The inspectors observed Seabrooks inspection activities to verify proper performance of the procedure. The inspectors also reviewed photographs, examination reports and chemical analysis of deposits to verify procedure implementation was effective for detection of leakage from the RPV and LHP nozzles and/or corrosion of the lower head.

The inspectors selected six penetration nozzles to evaluate the effectiveness of the visual (VT) examination to verify that the penetration intersection location could be fully accessed to reliably perform a 360 degree examination of the intersection region. The inspectors verified by observation and review of photographs that the RPV lower head was free of dirt, debris, insulation, significant oxidation and any material that could adversely affect viewing of all penetrations (360 degrees around the circumference of the nozzles) and the vessel head in its entirety. The inspectors observed boron deposits on the lower head and reviewed Seabrooks evaluation that the origin of the deposits was from a location above the lower head (cavity seal ring).

The inspectors verified that the procedure used for the inspection provided adequate guidance for the recording, evaluation and documentation of the disposition of discrepancies identified during the examination.

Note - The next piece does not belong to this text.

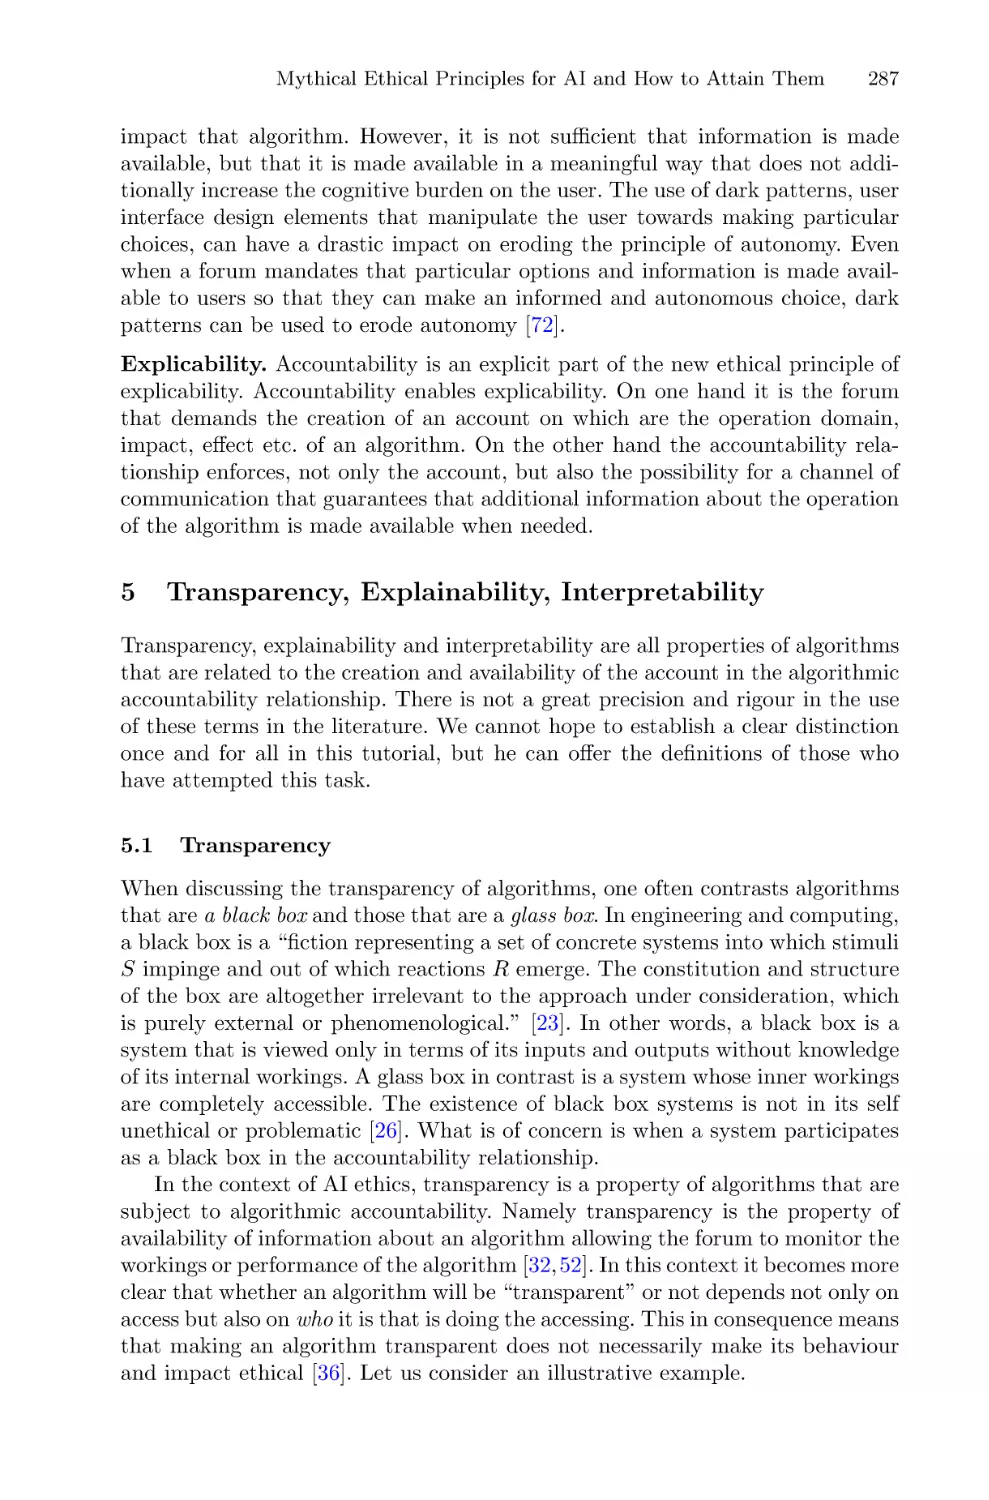 5 Transparency, Explainability, Interpretability
5.1 Transparency

Reporting Requirements a.1. The examination was performed by qualified and knowledgeable personnel with certification to the American Society of Mechanical Engineers (ASME),Section XI, Level II and Level III for visual examiners. In addition, Level II and Level III examiners had received a minimum period of training in this type of inspection. The training included a review of the penetration drawings, inspection techniques and use of visual aids, effects of surface conditions on detecting and evaluating indications, industry experiences, lessons learned, inspection results and procedure requirements.

a.2. The examination was performed using adequate procedures. The procedure specified the extent of the inspections required, provided detailed documentation requirements and provided clear inspection standards and acceptance criteria on which personnel were trained.

a.3. The examination was adequate to identify, resolve, and disposition deficiencies.

a.4. The examination performed was capable of identifying pressure boundary leakage and/or lower head corrosion described in the bulletin.

b.

The reactor vessel lower head was free of dirt, debris, insulation, significant oxidation and any foreign material that could adversely affect viewing of the penetrations. No boric acid deposits were identified at the interface between the vessel and the penetrations.

c.

The inspection was conducted by direct visual inspection by examination personnel and by the use of a video camera. The inspection effort achieved examination for 360 degrees around the circumference of all nozzles and the vessel bottom head in its entirety.

d.

If present, small boric acid deposits representing reactor coolant leakage, as described in Bulletin 2003-02, could be identified and characterized.

e.

No material deficiencies were identified. No indications were identified at the time this inspection was performed.

f.

Selected insulation panels were removed to facilitate the visual inspection of the bottom head penetrations. There were no impediments to the performance of the visual examination.

g.

The licensee performed appropriate follow-on examinations to identify the source of dried boric acid deposits which emanated from locations above the reactor pressure vessel lower head.The licensee took samples of dried deposits from the lower vessel head for chemical analysis. The licensee performed gamma spectroscopy for age determination. The analysis determined Co-60 as the only quantified isotope. The analysis results indicated several marker nuclides were not present.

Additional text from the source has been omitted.